1933 fighter aircraft family by Avia

The Avia B-534 is a Czechoslovak biplane fighter developed and manufactured by aviation company Avia. It was produced during the interwar period. The B-534 was perhaps one of the best-known Czechoslovak aircraft of the era.

During 1932, work had commenced on the development of a new single-engined biplane fighter aircraft, the Avia B-34, which had been designed by aeronautical engineer František Novotný. During its development, various alternative engines were considered and trialled before eventually settling upon the licence-built Hispano-Suiza 12Y engine. Other improvements during the prototype stage included the adoption of an enclosed cockpit along with a revised tail and undercarriage arrangement. On 14 April 1934, the second prototype, while flown by test pilot Václav Kočí, successfully attained a Czechoslovak national speed record of 365.7 km/h.

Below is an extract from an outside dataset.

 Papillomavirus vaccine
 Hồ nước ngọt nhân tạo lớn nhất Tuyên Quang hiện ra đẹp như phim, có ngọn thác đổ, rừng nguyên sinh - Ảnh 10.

Deliveries of aircraft to the Czechoslovak Air Force commenced in October 1935.

Partially as a result of its impressive maneuvrability, as well as some operators continuing to maintain a preference for the established biplane configuration over the incoming generation of monoplane fighters that would soon prove to outperform them, the B-534 stayed in production for considerable time (1933–1939). During the late 1930s, Czechoslovakia sought to expand production of the type in response to German claims over the Sudetenland (the western border area of Czechoslovakia). Large numbers of the type saw combat with multiple nations during the course of the Second World War. While relatively ineffective in combat during the later stages of war due to its obsolescence, the type formed a sizeable proportion of several countries' military aviation components.

==Development==
===Origins===
During 1932, the Czechoslovak aircraft company Avia flew the first prototype of a single-engined fighter biplane, the Avia B-34, designed by aeronautical engineer František Novotný. After modification, the Czechoslovak Ministry of Defence placed an order for B-34s. A second prototype, the Avia B-34/2, was built, which was intended to be powered by a 600 hp Avia Rr 29 radial engine instead of the Hispano-Suiza 12N V12 engine of the first prototype and the initial production series. This engine proved prone to overheating and vibration, however, and it was decided to re-engine the B.34/2 before it flew, fitting it with a Hispano-Suiza 12Ybrs V12 engine.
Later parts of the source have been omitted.